Hier der Versprochene laufbericht, den es auch als Blog-Version mit
Bildern und weiteren Informationen gibt: http://blog.levermann.name


Die gute Vorbereitung hat sich gelohnt für mein Ultra-Debüt in der
100-km-Distanz. Seit 1. Januar habe ich mich auf diesen sportlichen
Höhepunkt vorbereitet. In der Summe habe ich rund 1.550 Kilometer
zurückgelegt, bevor am Samstag Morgen (3. Juli) um vier Uhr der
Startschuss des 4. ThüringenULTRA fiel. Mein Ziel: gesund ankommen -
Zeit spielt keine Rolle.

Der Trainingsplan war mir bei der Vorbereitung eine Orientierungshilfe -
mehr aber auch nicht. Denn selten gelingt es, solche Pläne genau
einzuhalten. Das muss auch gar nicht sein. Doch, als ich in der Woche
vor dem Super-Langstreckenlauf in Fröttstädt die letzte 5-km-Runde in
Eichwalde drehte fiel es mir doch etwas schwer. Denn der Morgen war
schon ziemlich warm und schwül. Irgendwie konnte ich mir gar nicht
vorstellen, zwei Tage später das Zwanzigfache dieser kleinen
Auflockerungsrunde zu laufen.

Das Training für diesen Langstreckenlauf war auch nicht ganz ohne
Lücken. Denn von Mitte März bis Anfang April musste ich
verletzungsbedingt das Training unterbrechen. Aber bis zum Ultra-Lauf
rund um den 916 Meter hohen Großen Inselsberg im Thüringer Wald machte
ich meine Beine mit bis zu 126 Wochenkilometern fit für die große
Belastung.


Die Ultra-Szene trifft sich in Fröttstädt

Karsten aus Berlin nahm mich zusammen mit seiner Familie mit zum
Veranstaltungsort Fröttstädt, eine 400-Seelen-Gemeinde, im Landkreis
Gotha. Direkt auf dem Startgelände schlugen wir unmittelbar zwischen
Start- und Ziel-Zone unsere Zelte auf und genossen den Abend mit den
vielen angereisten Ultra-Läufern beim kühlen frisch gezapftem Bier.
Ultra-Langstreckenläufer sind für mich eine ganz besondere Species von
laufbegeisterten Menschen: alte Hasen, die mit Jens Vieler die TorTour
de Ruhr mitgelaufen sind - erfahrene Läuferinnen und Läufer, die im
Schweizer Biehl 100 km durch die Nacht getrabt sind - das sind alles
Athletinnen und Athleten, vor deren Erfahrung im Ultra-Langstreckenlauf
ich mächtig Respekt habe.
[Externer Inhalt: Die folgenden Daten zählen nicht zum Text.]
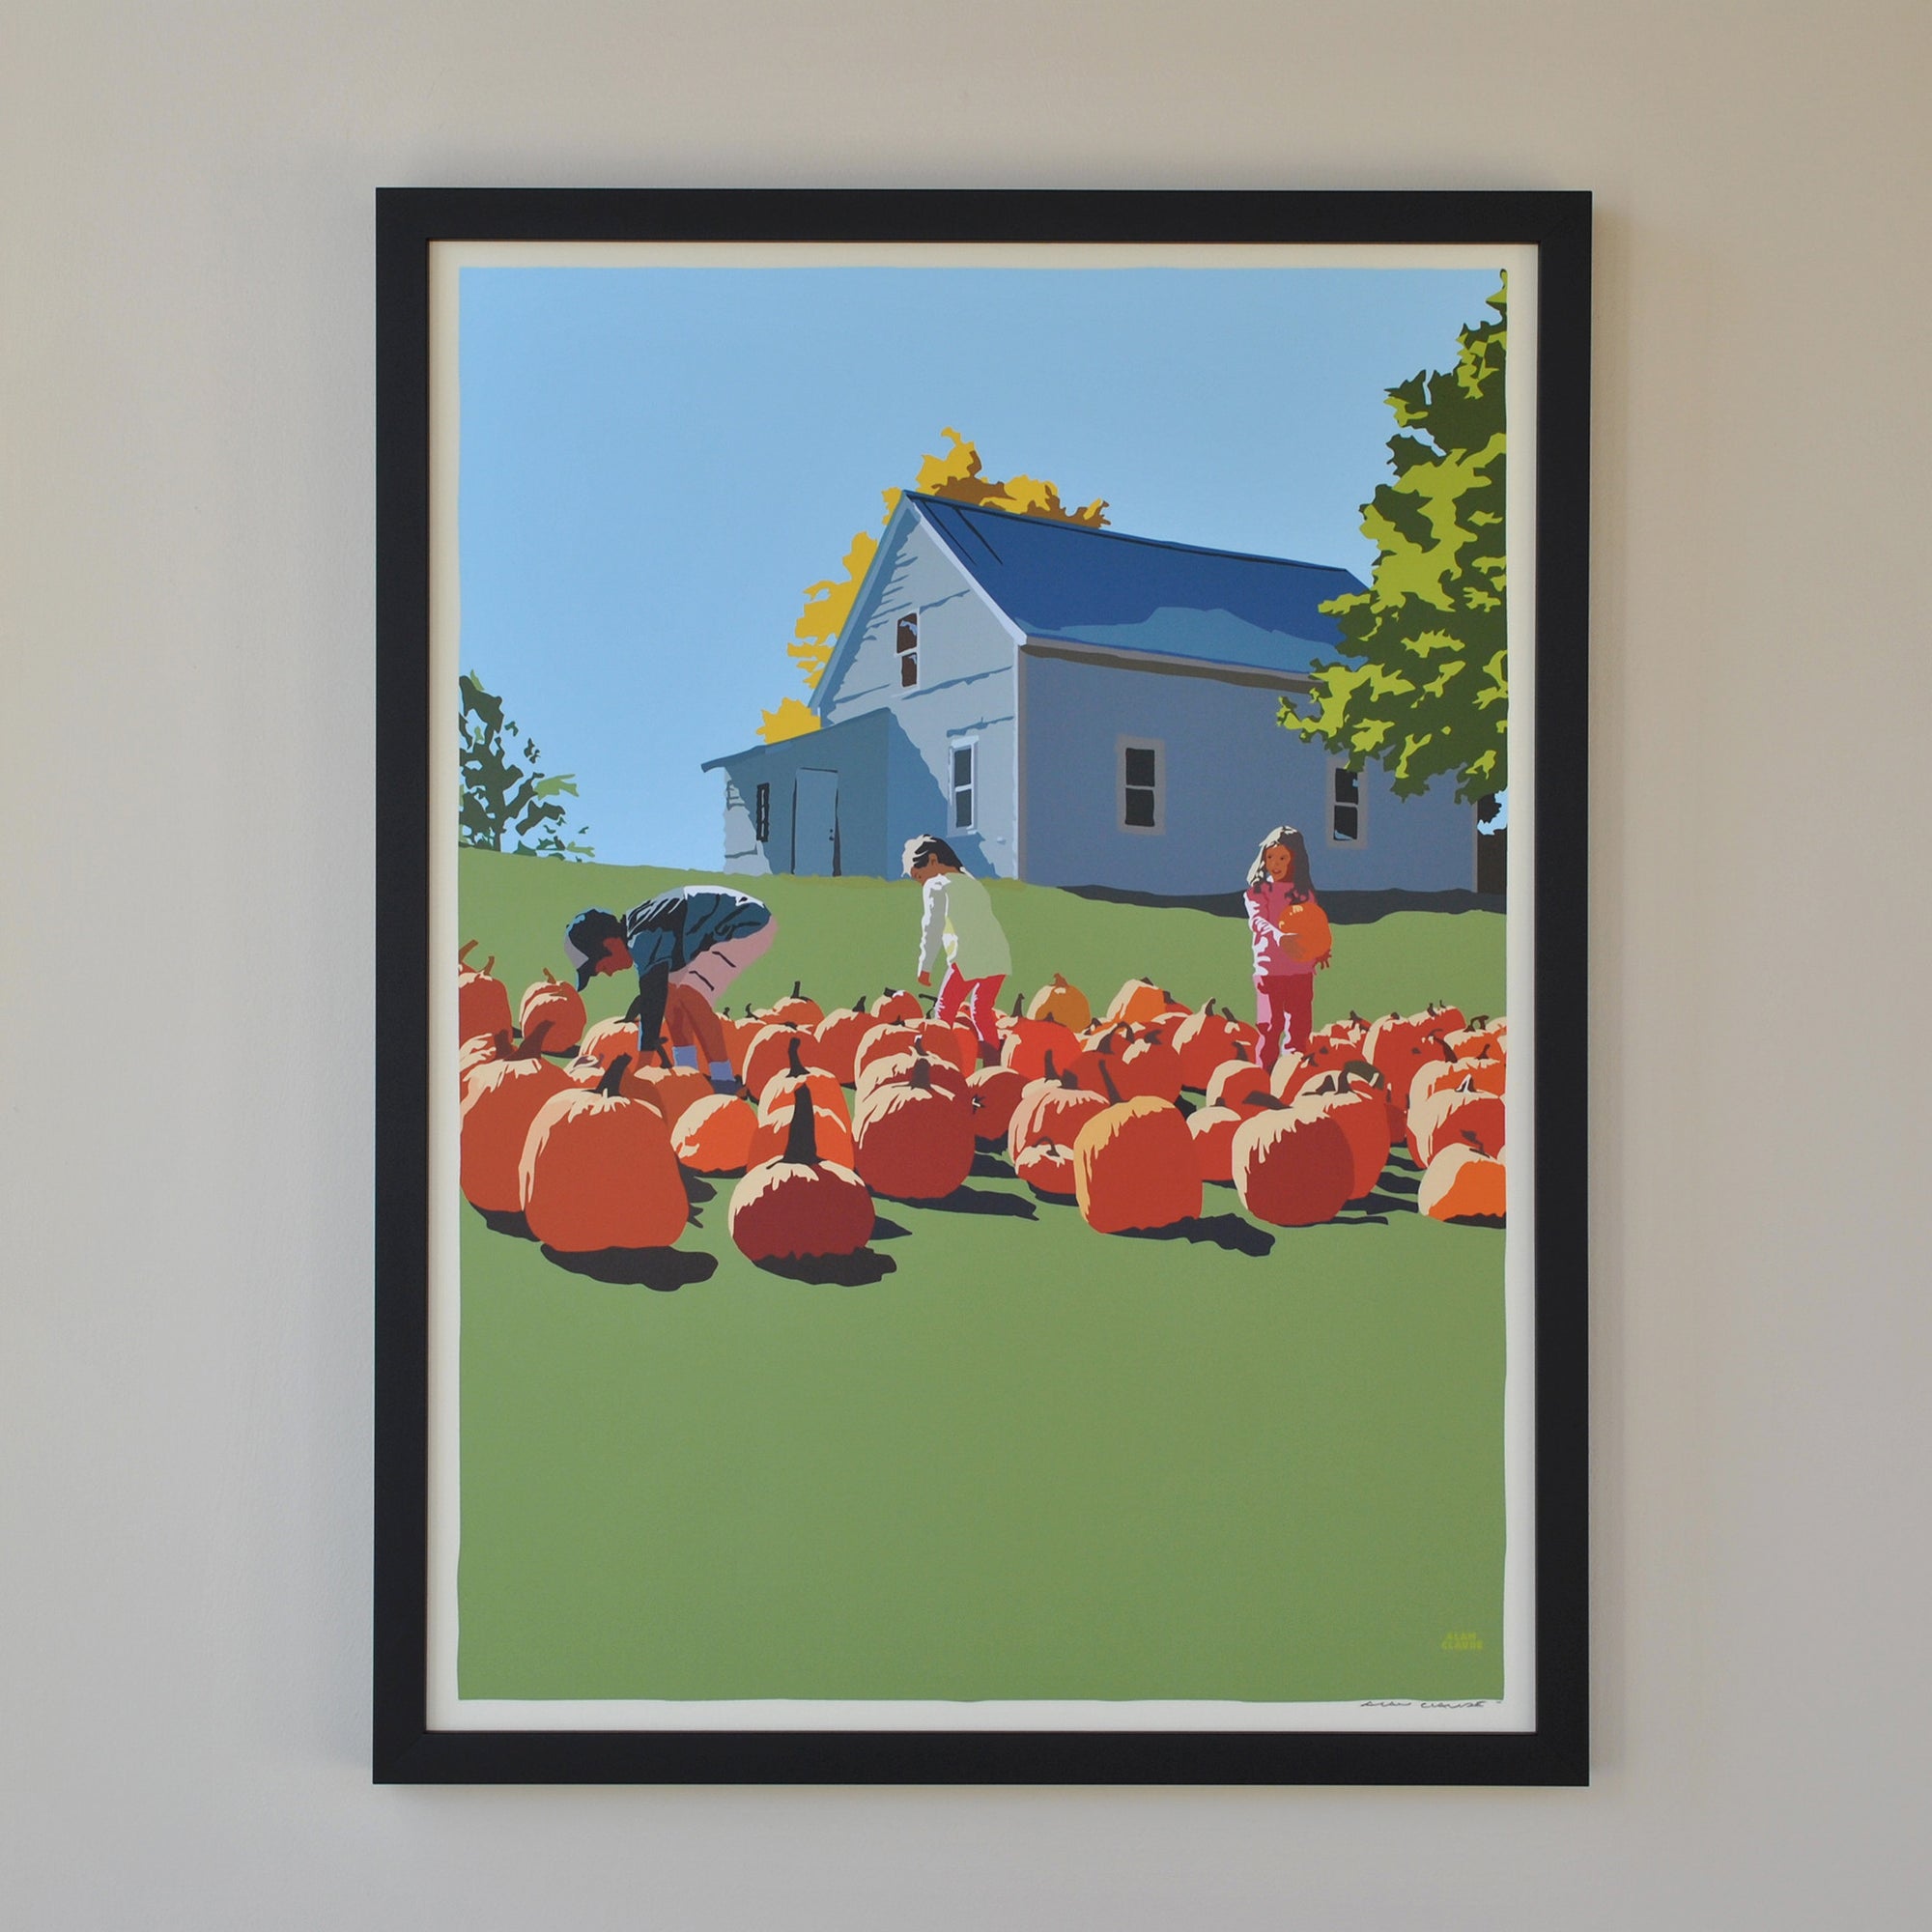 Fall Pumpkin Kids Art Print 18" x 24" Framed Wall Poster By Alan Claude - Maine

Der längste Ultra war bisher für mich der rund
72 km lange Supermarathon beim Gutsmuths Rennsteiglauf. Immer wieder
hörte ich den Rat, es ruhig angehen zu lassen, meine Kraft gut
einzuteilen und nicht alles auf den ersten 50 Kilometern zu verpulvern.
"Der ThüringenULTRA ist kein Kinderspiel", sagte mir ein erfahrener
Inselsberg-Umrunder. Ein Ratschlag den ich beherzigen wollte.
Wir genossen noch ein paar Bier, dann rollten auch wir uns gegen 22 Uhr
in unsere Zelte. Um in den Schlafsack zu kriechen war es noch viel zu
warm, also deckte ich mich nur halb zu und schlief, bis ich lange, bevor
der Wecker klingelte von Kaffeetassengeklapper geweckt wurde. Die
Helferinnen und Helfer der Freiwilligen Feuerwehr Fröttstädt, die den
Lauf veranstalteten, bereiteten das Frühstück vor. Gegen drei Uhr
signalisierte auch der Wecker meines Mobiltelefons, dass es nun auch für
mich Zeit zum Aufstehen war. Schon in einer Stunde sollte der
Startschuss fallen. Ich streifte mir meine kurze, enge Laufhose über,
zog das Lauf-Shirt an und schützte empfindliche Stellen auf der Haut mit
etwas Vaseline. Bei rund 14° C konnte ich auf eine Laufjacke verzichten.
Schließlich versprach der Wetterbericht, dass es sehr heiß werden würde.
Zwei halbe Brötchen und zwei Tassen Tee, das war mein Frühstück.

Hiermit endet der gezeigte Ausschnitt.